In the 15th century, Denmark controlled both sides of the Øresund Strait, the narrow passage connecting the North Sea to the Baltic. Every ship carrying grain, timber, or metal between Russia, Sweden, and Amsterdam had to pass through it. King Erik of Pomerania saw the opportunity. He fortified the strait, built a customs house at Helsingør, and taxed every vessel under threat of cannon fire.

Again, after conquering Constantinople in 1453, the Ottoman Empire controlled the Bosporus for four centuries. It was the only passage between the Black Sea and the Mediterranean. The Ottomans treated the Black Sea as a private lake and barred foreign warships. Access was doled out through treaties. With each one granting limited rights to specific nations in exchange for political concessions. Early on, Venice was forced to give up territory and pay hefty fees to continue its trade. Access was never a right. It was a favour, granted on terms that served Istanbul. Even after the empire collapsed, Turkey retained control. Today, Ankara still collects transit fees. It hiked the fees fivefold in 2022, raising annual revenue from US$40 million to US$200 million.

And then there is the obvious one, the Suez Canal, an energy and trade highway that generates US$9 billion in annual revenue for Egypt. Denmark held the Øresund for 400 years. Turkey still collects on the Bosporus after 600 years. The Suez is a huge moneymaker for Egypt.

After this short lecture in history and geography, let's get back to Iran:

More than 12,000 U.S. missiles, bombs, and drones hit Iranian targets over the past five weeks, destroying the country’s navy and much of its military infrastructure. Several of Iran’s leaders and some 1,500 of its citizens were killed, including more than 170 who died in a strike on a girls’ school that was the apparent result of errant targeting. But twelve hours after Trump threatened to destroy Iranian civilisation and weeks after demanding Iran’s "unconditional surrender", the United States agreed to a two-week cease-fire with none of its demands met.

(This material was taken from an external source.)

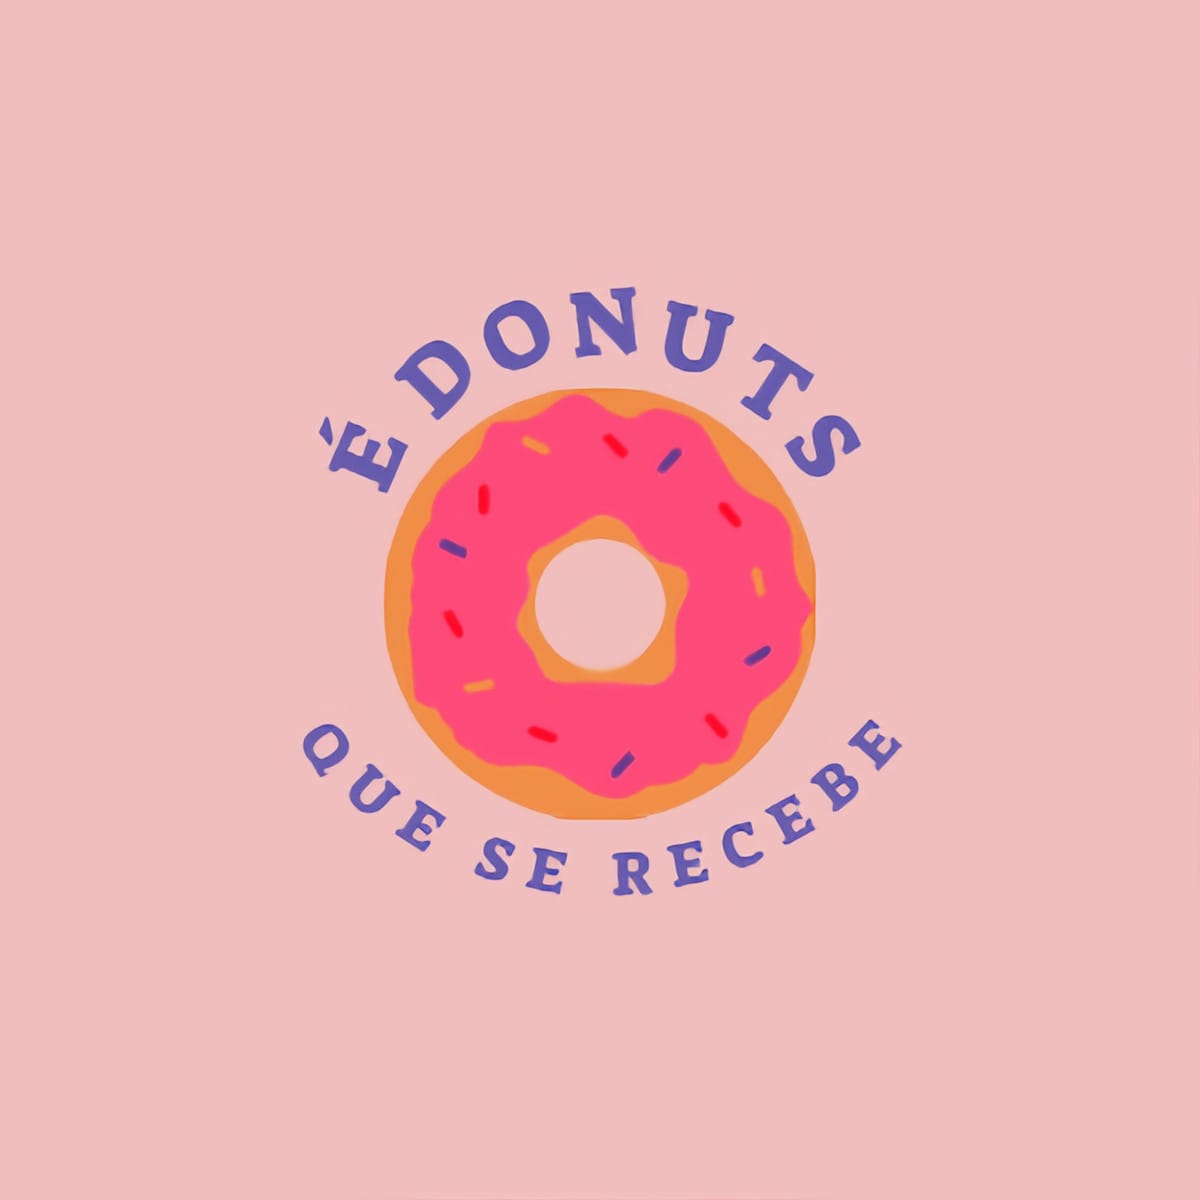 É donuts que se recebe

Instead, Iran agreed only to reopen the strait, a global waterway that operated freely before the war began, in exchange for two millions dollars for each tanker that passes through it, payable in crypto currency.

 

 

Depending on the outcome of the negotiations over the next two weeks, the regime could actually be in a stronger strategic position than it was before the war. Iran may have lost every military battle, but the war appears to have ended on Tehran’s terms. What a dud deal!